The second reason is taking uber doesn’t require her to do more work for her expense report.

“I never remember how much the ride was and what I paid. And somehow, I stick the receipt in, and I lose the receipt. It never makes it to my expense report, or I have to take a picture of the receipt and it attach it. But, no, now with Uber it connects directly to my expense report. It actually says the time, the day, the ride, my start location, my end location, and all I have to do is say where was I going”

The third reason is for safety. Uber has a GPS on every ride, so her loved ones will know where she is in the event of an emergency.​

“Because of my heavy travel schedule, I feel like someone will know where I was last. So, between American Airlines and Uber, someone will find me.”

Customer Experience is Everything

“I don’t care what else you do in order to grow if your customers have a bad experience it doesn’t matter. You could have the best product in the world, and if it’s tough to use they won’t use it again, and they definitely won’t talk about it.”

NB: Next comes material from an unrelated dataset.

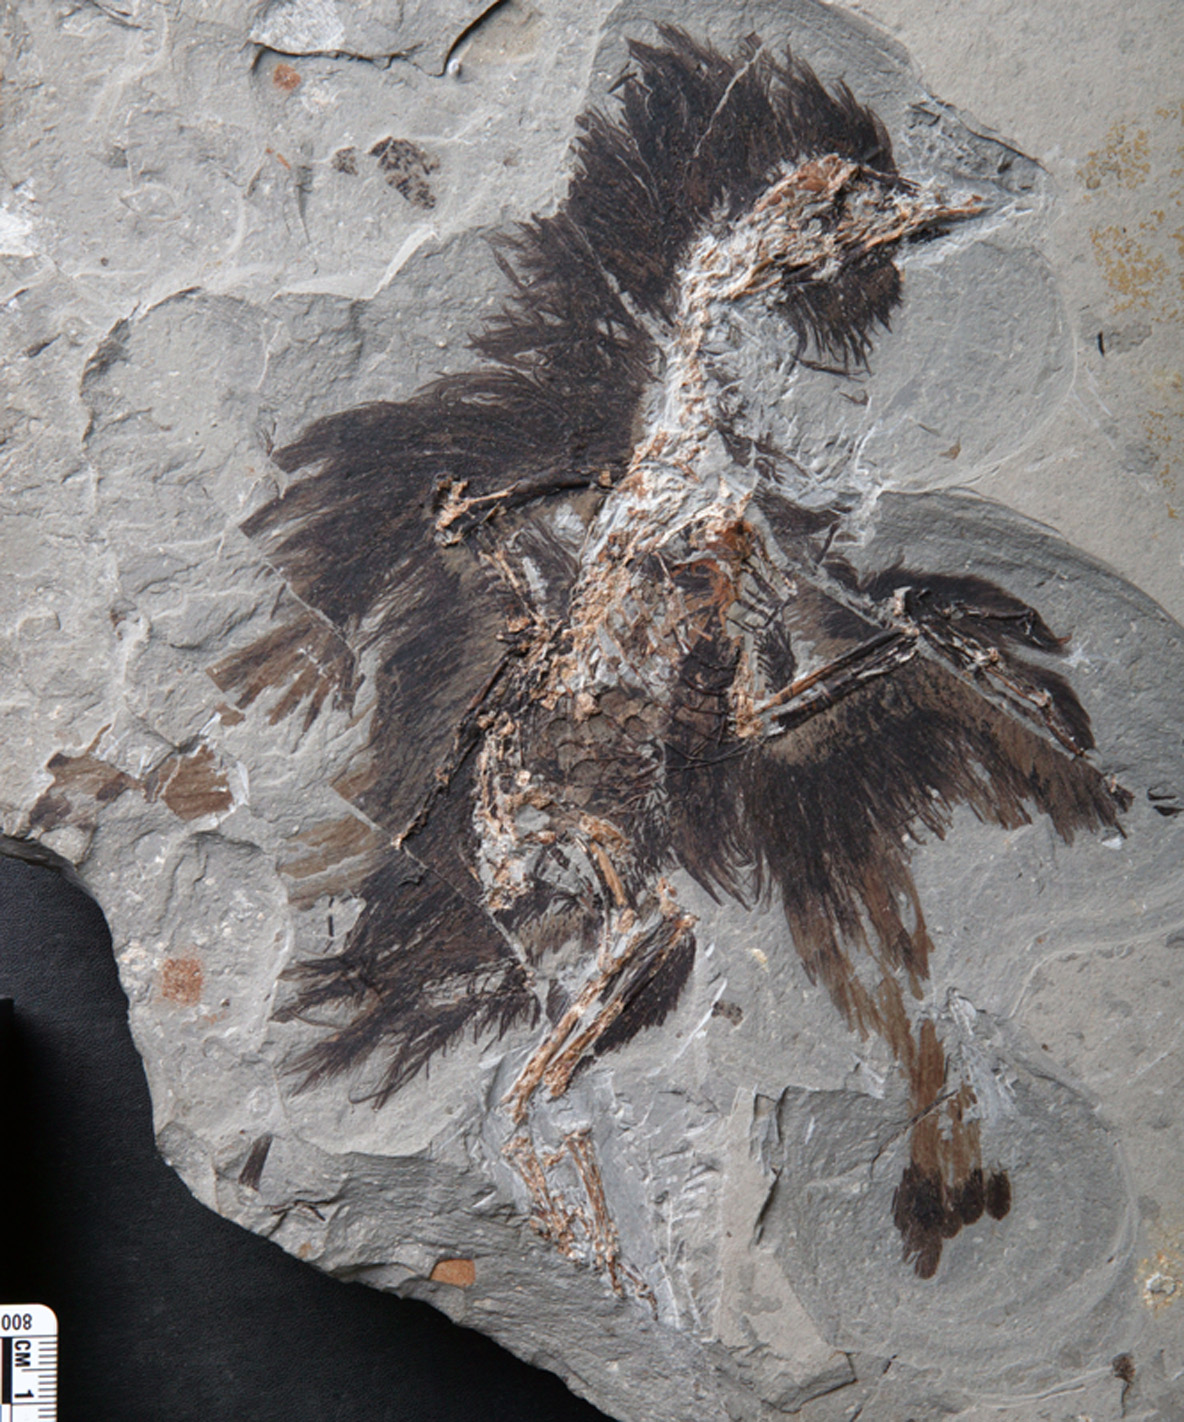 Keratin and Melanosomes Preserved in 130-Million-Year-Old Bird Fossil |  Programs and Events Calendar

Tiffani reminded us that customer experience must be the foundation of any decision we make about our business. Customers will pay more for a better experience, so there is real revenue at stake. The companies that are growing the fastest are the ones that are the most focused on the customer.

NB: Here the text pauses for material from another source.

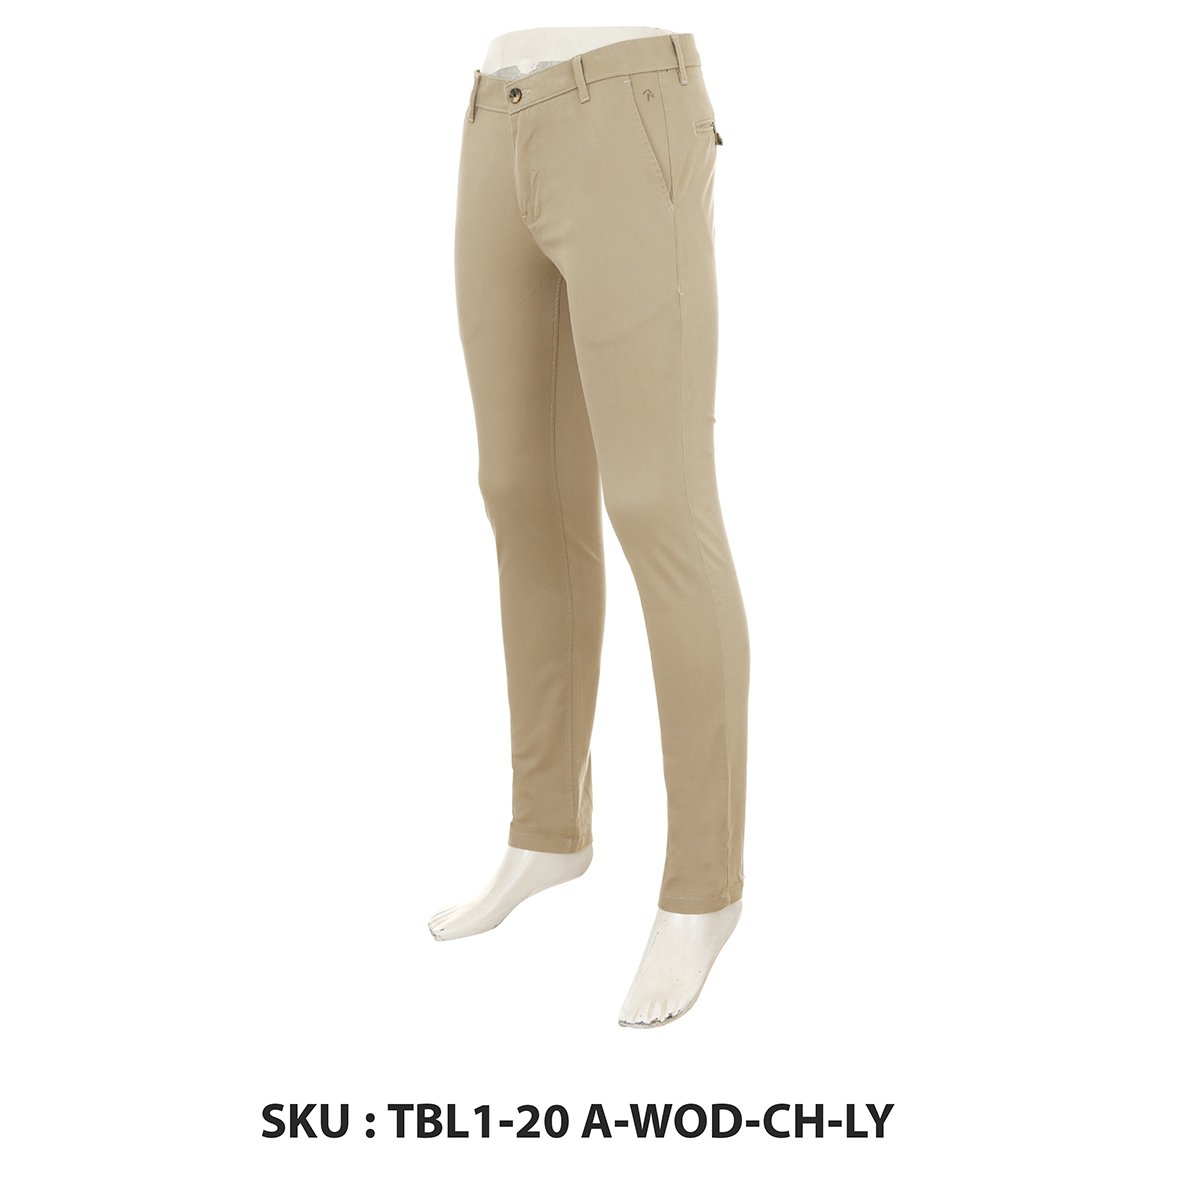 Classic Polo Mens Trousers Tbl1-20 A-Wod-Ch-Ly Wood 40

“You know, you have a Four Seasons on this side of the street, you have a Holiday Inn on this side of the street. Both do the same job, a place to sleep. Why do people choose one over the other, and pay exponentially more, for one of them versus the other one?”

B2B is really B2C

Tiffani mentioned how consumer experiences are following us into the B2B world. We don’t leave our consumer personalities at home when we show up for work.​

The best news is that if you can create an amazing customer experience, you can justify raising your prices and customers will gladly pay you more.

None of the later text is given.